How Well Do You Know the Battle of Waterloo?

By: John Miller

How Well Do You Know the Battle of Waterloo?
Image: Louis Dumoulin

About This Quiz

In early 19th-century Europe, France was ground zero for an empire spawned by Napoleon Bonaparte. With his military cunning and political savvy, Napoleon had quickly moved up through the ranks of the army during the French Revolution, becoming a general at the tender age of 24. From there, it was just a matter of time before he seized even more power in his home country. Do you think you know enough about his genius to beat our Battle of Waterloo quiz?

Napoleon roiled Europe with his warring ways. He wasn’t content to rule over France. He wanted other vast parts of the continent, too. For decades, he managed to get away with his power-hungry ways, but abruptly he was shoved from his violent path. Then, showing the tenacity of a true fanatic, he returned to power and set about building his army again. Do you know how he managed this miraculous feat?

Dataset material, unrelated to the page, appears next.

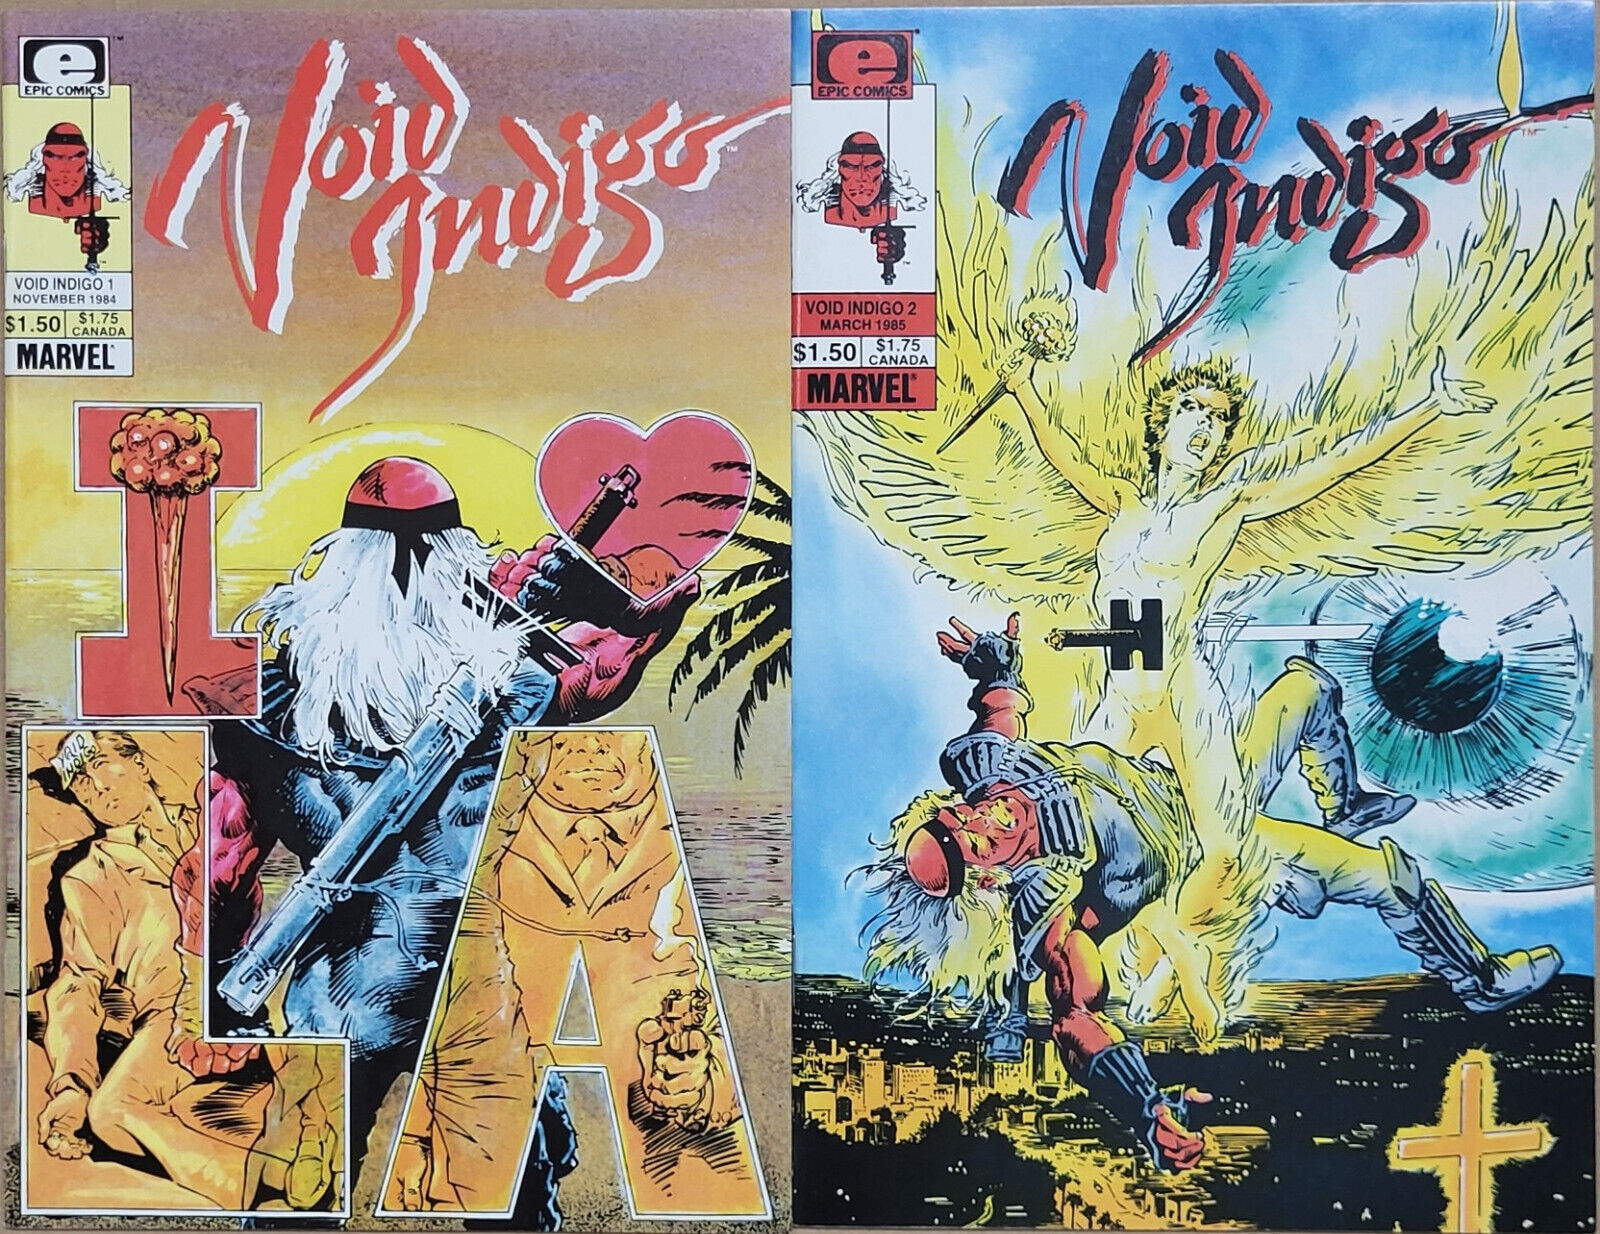 Lot of 2 Comics: Void Indigo #1, 2 by Epic/Marvel 1984-85

With a retooled army and grim determination, Napoleon once again set fire to Europe. He had a dastardly plan in mind – divide the countries allied against him, conscript hundreds of thousands of soldiers, and put Europe in a death grip that it would never escape.

So, Napoleon and his men set off for war once again. This time, they were confronted at the Battle of Waterloo. An allied force of Europeans blocked the French path and refused to retreat, setting the stage for one of the most famous battles in history. Take our epic quiz and see if you know what really happened at the world-changing Battle of Waterloo!

The Battle of Waterloo was a fight that was part of which war?
The Crusades
World War I
Napoleonic Wars
The Battle of Waterloo was a major turning point of the Napoleonic Wars of the early 1800s. The wars tore apart Europe for about two decades.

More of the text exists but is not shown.